A First Look at Obama’s Newly Released Cybersecurity Framework for Nation’s Critical Infrastructure

It took a year to put it together, but earlier this week, the White House released the final version of the Cybersecurity Framework, a set of standards for the companies that make up country’s “critical infrastructure.” It was a monumental effort, explain attorneys Jim Halpert, Ryan Sulkin, and Sydney White of DLA Piper:

“Over the course of the past year, [National Institute of Standards and Technology Framework (NIST)] has worked with critical infrastructure (CI) owners and operators, including public and private sector organizations, trade associations and other industry groups, other federal agencies including the Department of Homeland Security and state, local and tribal governments to develop a voluntary, risk-based framework to promote and enhance the security and resiliency of CI and to help organizations, regardless of industry sector or size, to manage cyber risk.  During the development of the Framework, NIST held workshops, requested comments and met with stakeholders in order to maximize private sector input to ensure the Framework reflects current industry sector standards, guidelines and best practices.”

Halpert, Sulkin, and White identify three early takeaways for the nation’s critical industries:

1. The Framework will continue to evolve:

“The Framework is version 1.0, and the Administration plans for subsequent versions to be updated and refined, although NIST will be handing off its role overseeing these changes to a yet to be determined private sector organization.  Prior to that time, this spring or summer, NIST plans to hold additional workshops on the Framework.  NIST officials have indicated that at least one workshop will address privacy and civil liberties, in an effort to foster the development of  privacy standards, which could be included in future versions of the Framework.”

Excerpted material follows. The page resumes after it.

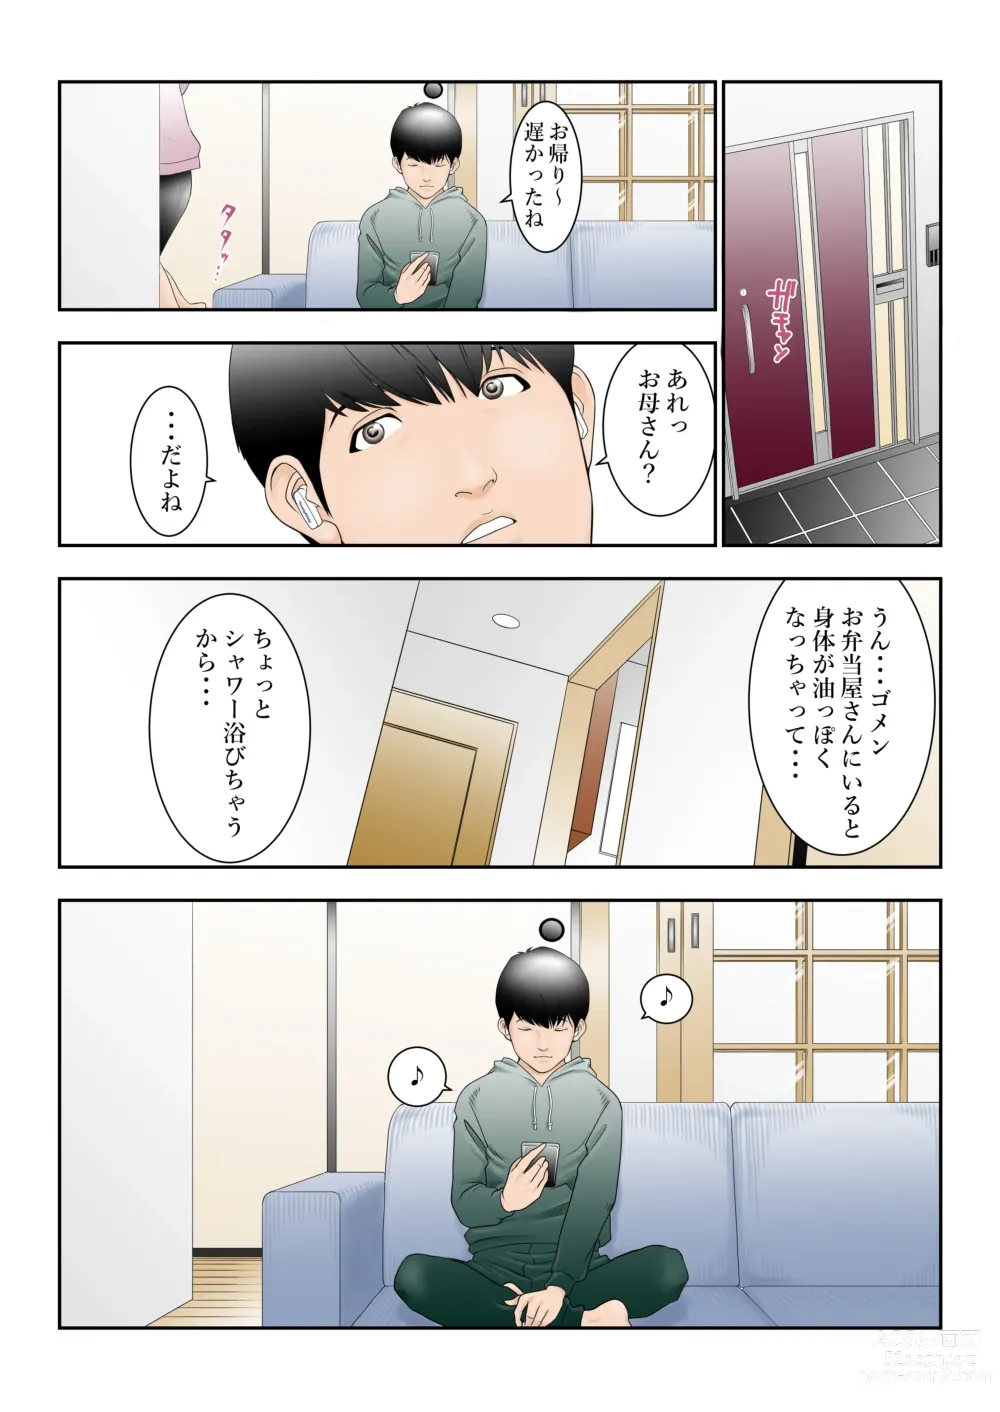 Page 7 of doujinshi Chikaku no Obentoya-san ni Part ni Deta Haha Takahara Yuuko (42) ga Aru Hi o Sakai ni Kaeri ga Osoku Natta ndesu

2. It’s voluntary, but should quickly be adopted by the business community:

Administration speakers emphasized today that the Framework is intended to be voluntary and flexible.  Whether or not use of the Framework is later required by regulation in critical infrastructure sectors, we think it is likely that some modified version the Framework Core will make its way into commercial contracts for critical infrastructure and possibly other services, and that the plaintiffs’ bar will attempt to test the Framework as a standard of care for cybersecurity.

3. The Framework is designed help organizations protect their data and systems:

“The Framework is not intended to replace existing sector standards or to add an unnecessary layer on existing standards and practices.  Instead, it is designed to act as a roadmap for navigating how an organization can apply existing standards and practices in order to build a risk-based cybersecurity plan or improve an existing plan.”